Capitalized terms used but not otherwise defined herein have the meanings ascribed to such terms in
the Statement.
Item 4. The Solicitation or Recommendation
Item 4(b) of the Statement is hereby amended and supplemented by adding the following
paragraphs at the end of the section entitled Background and Reasons for the
Recommendation-Background of the Transaction.
The Offer and withdrawal rights expired at 12:00 midnight, New York City time, at the end of
the day on May 2, 2011. The Depositary has advised the Company and Purchaser that 38,482,022 Shares
were validly tendered and not validly withdrawn from the Offer, representing a total of
82.7% of the outstanding Shares. Additionally, the Depositary has advised the Company
and Purchaser that an additional 318,892 Shares have been validly tendered by notice of guaranteed
delivery. As previously announced, Parent is seeking to acquire not more than 49.9% of the
outstanding Shares. As a result, assuming that all shares subject to notice of guaranteed delivery
are actually delivered, the Depositary will apply a proration factor of 0.59847 to all tendered
Shares, representing the percentage of each tendering shareholders Shares that which will be
accepted in the Offer. The remaining Shares will be returned to the shareholder, and Parent and
Merger Sub expect to acquire them in a subsequent merger.

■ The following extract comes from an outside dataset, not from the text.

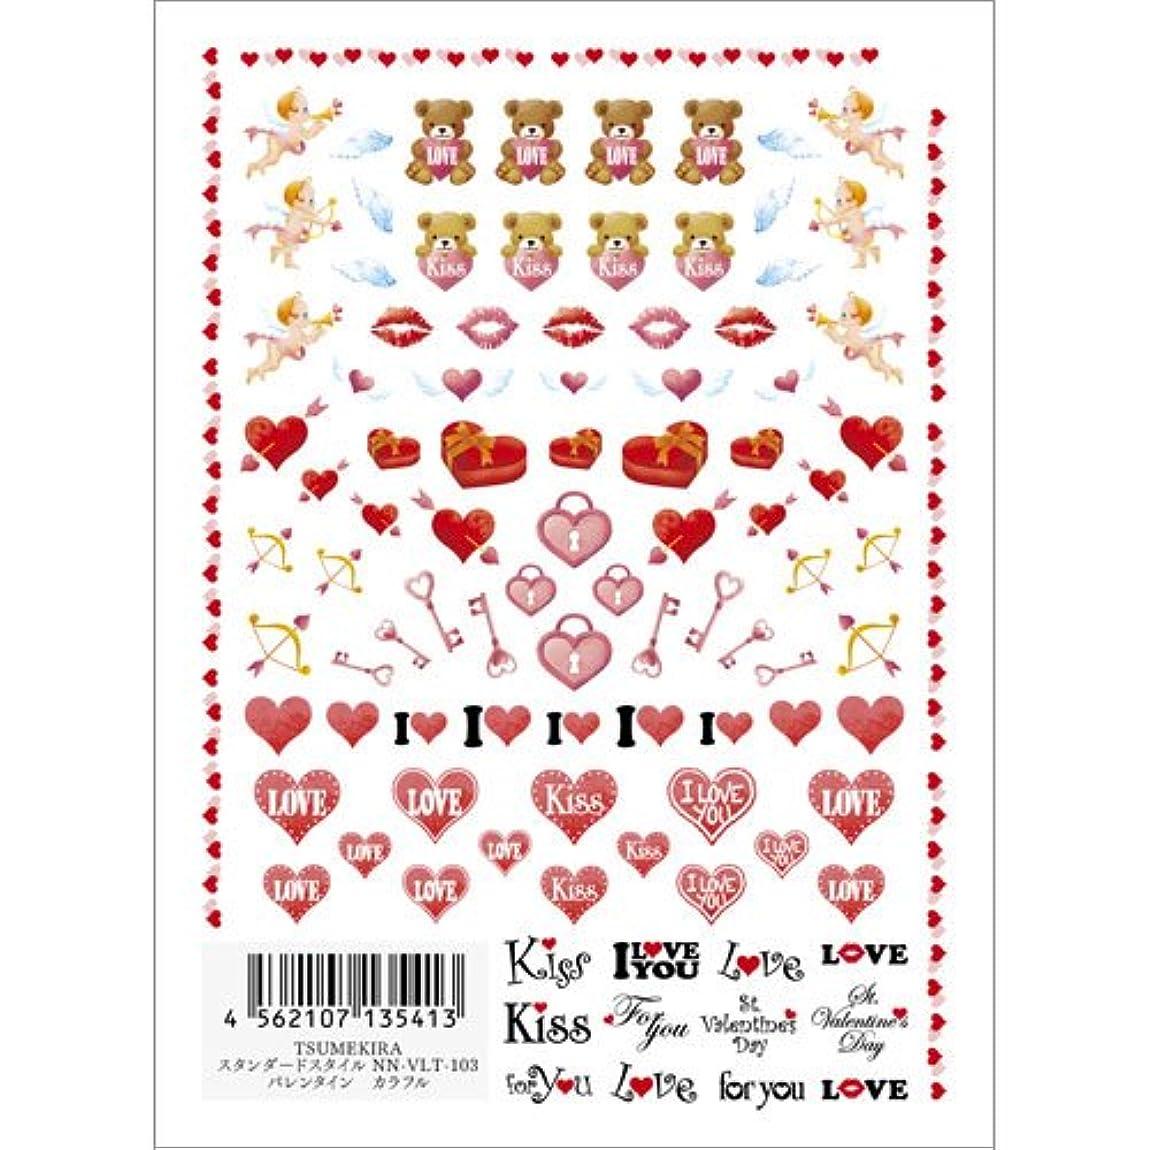 チャーミング八前奏曲ツメキラ ネイル用シール スタンダードスタイル バレンタイン カラフル

For example, if a shareholder tendered a total of 100 Shares, CryoLife will accept 60 Shares
in the Offer and return 40 Shares to that shareholder (assuming the final proration factor does not change and subject to any adjustments necessary to ensure that the 49.9% limit is not exceeded).
On May 3, 2011, Parent and the Company issued a joint press release announcing the results and
expiration of the Offer. A copy of the press release is attached hereto as Exhibit (a)(5)(B)(4),
and the information set forth in the press release is incorporated herein by reference.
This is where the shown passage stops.